RAW DATA:
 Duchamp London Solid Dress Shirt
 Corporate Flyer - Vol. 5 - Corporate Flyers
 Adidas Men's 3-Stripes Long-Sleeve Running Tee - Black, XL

---

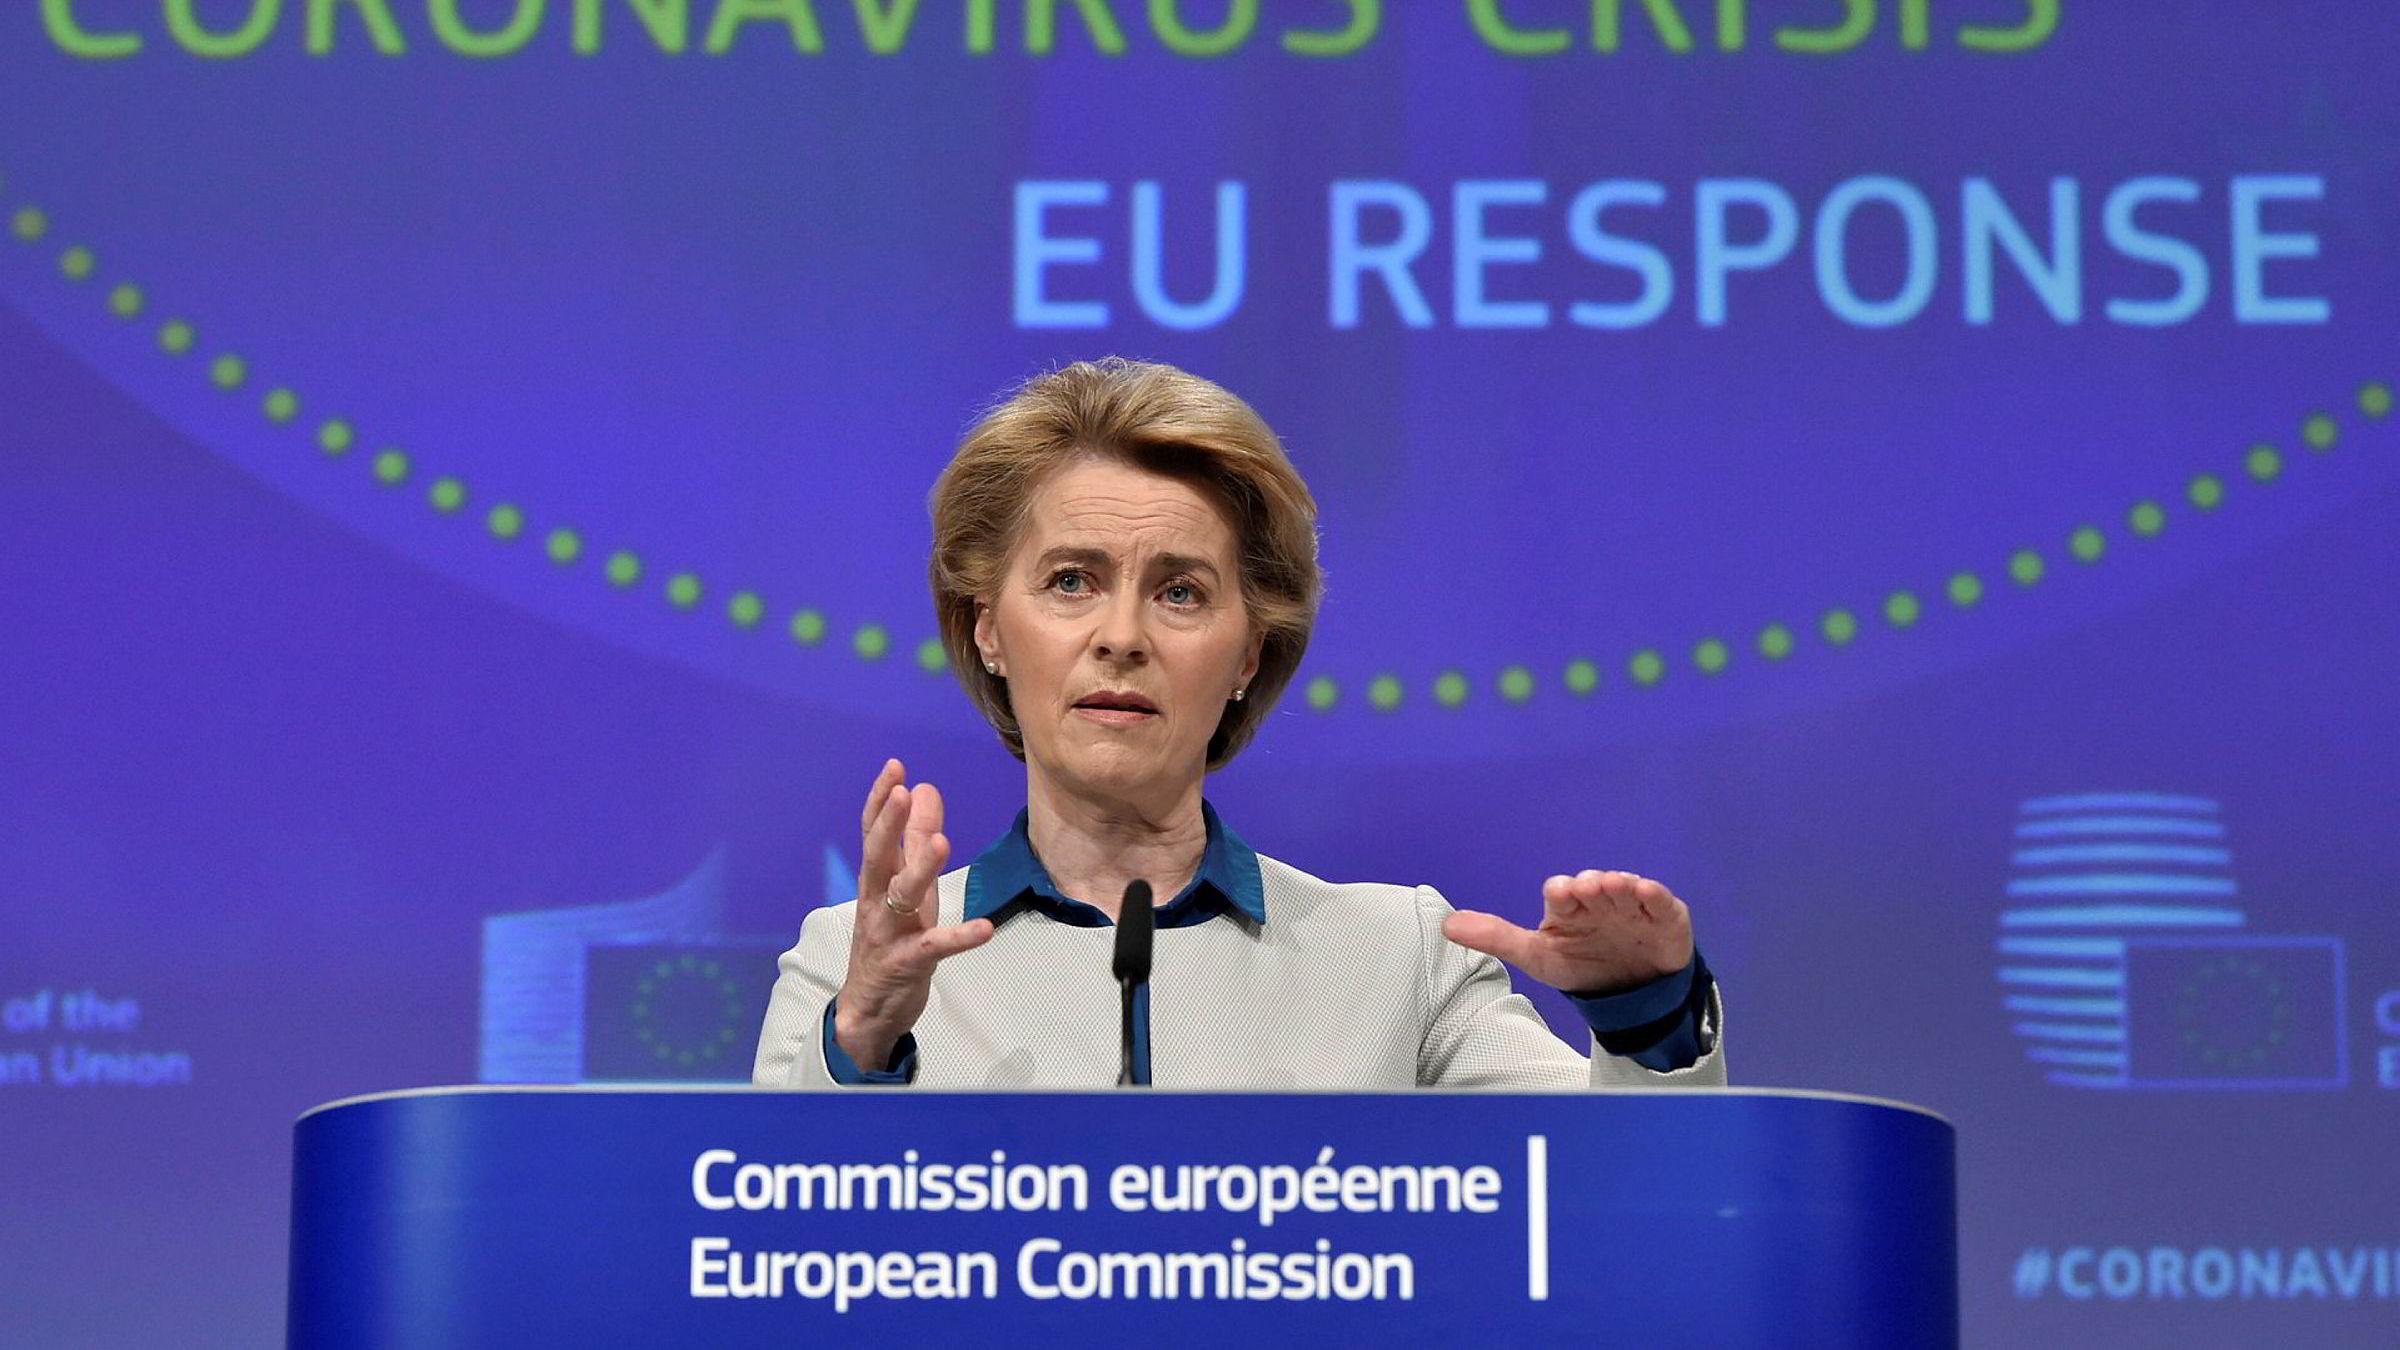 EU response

WHAT THE EXERCISE ASKS: Give again, word for word, every line of the listing above from the one with "Corporate Flyer - Vol. 5 - Corporate Flyers" to the one with "Adidas Men's 3-Stripes", both inclusive, and nothing beyond them.

THE COMPLETED TASK:
 Corporate Flyer - Vol. 5 - Corporate Flyers
 Adidas Men's 3-Stripes Long-Sleeve Running Tee - Black, XL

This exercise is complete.